Unfortunately, this merger has caused deep divisions in the SPF
community.  Meng had previously run things pretty much by rough
consensus.  When the XML issue last came up, it was rejected, pretty
much the way it has been rejected this time.



You are right. I imagined that people would have an emotional reaction to XML. I did. What I was surprised by is the number of people willing to act on their emotional reaction to it. But, it's a factor we have to consider.

The reaction to XML is not an emotional reaction per-se. If there were
not so many solid technical reasons for excluding XML from pre-DATA
authentication (bandwidth and parser overhead primarily) I would not
object to it. XML is mother beautiful in the right context. Pre-DATA
SMTP source validation and DNS is not that context.

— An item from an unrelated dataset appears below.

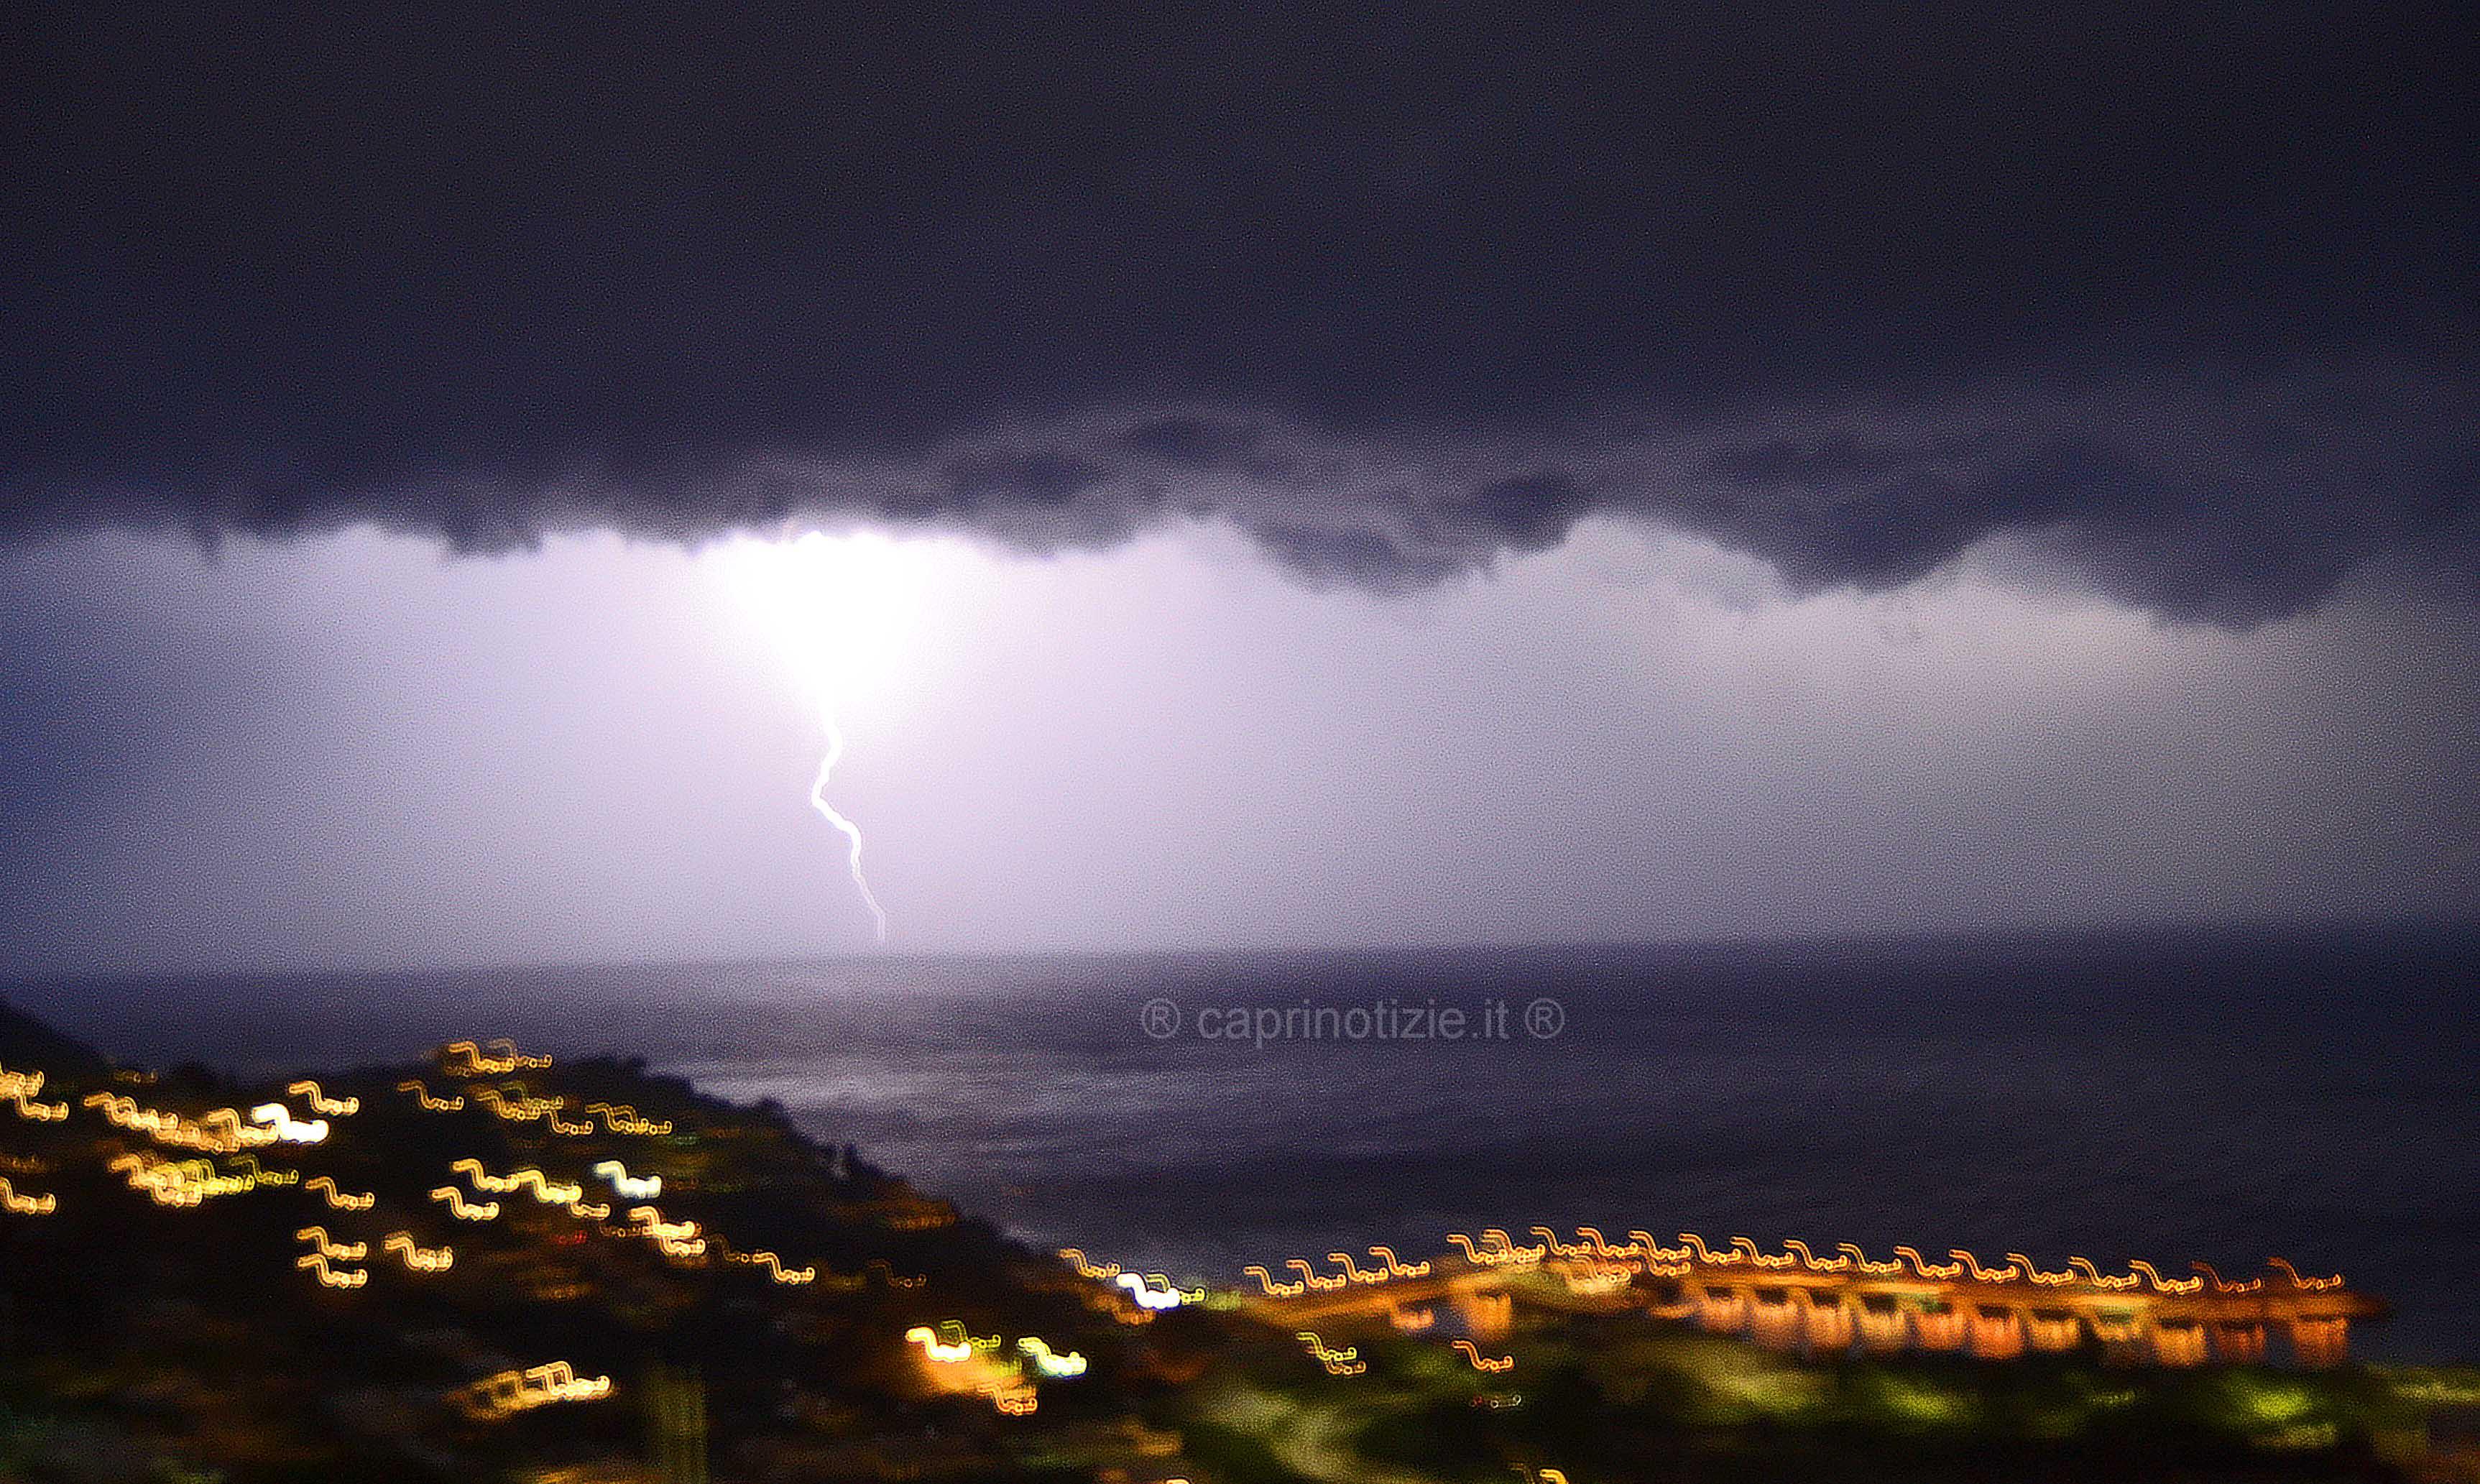 Capri, notte di pioggia e lampi, le foto

Personally, I have at least as many problems with the "caller-id
algorithm" to select the domain to check.  It is rapidly changing, and
untested.  It will require changes to most MUAs to correctly display
the verified address before it will become useful.  It doesn't stop
bounces until after the "flag day".  From what I know, the C-ID
algorithm breaks around 20% of the mailing lists, where-as SPF breaks
none.



The PRA algorithm is a more fundamental change than XML. But, I think based on my experience here, and in SPAM-L and MARID, it is still possible to get what most domain owners want out of the new selection method.

PRA means that the new protocol is NOT pre-DATA source validation.
Therefore, the new protocol is NOT a replacement for SPFv1, however
beautiful and effective it may be, and whatever the people who
hashed it out might think.

In other words, not operating on any message headers is seen as a defect in SPF, and not operating on the envelope info is seen as a defect in CID. I am willing to consent to groveling through DATA headers, in order to get the best of both worlds, provided there is a coherent strategy for getting 2821 MAIL FROM rejections as a logical next step.

I think it's a good thing. If it turns out to not be a better thing than SPF+SRS, then we still have the option of rolling out SPF+SRS.

I would say that what the NP does is necessary, but it does not
provide the advantages of SPF, and does not replace SPF.

I say, WE NEED something like the proposed protocol. The discussion
for the new protocol SHOULD CONTINUE, but it DOES NOT replace SPF.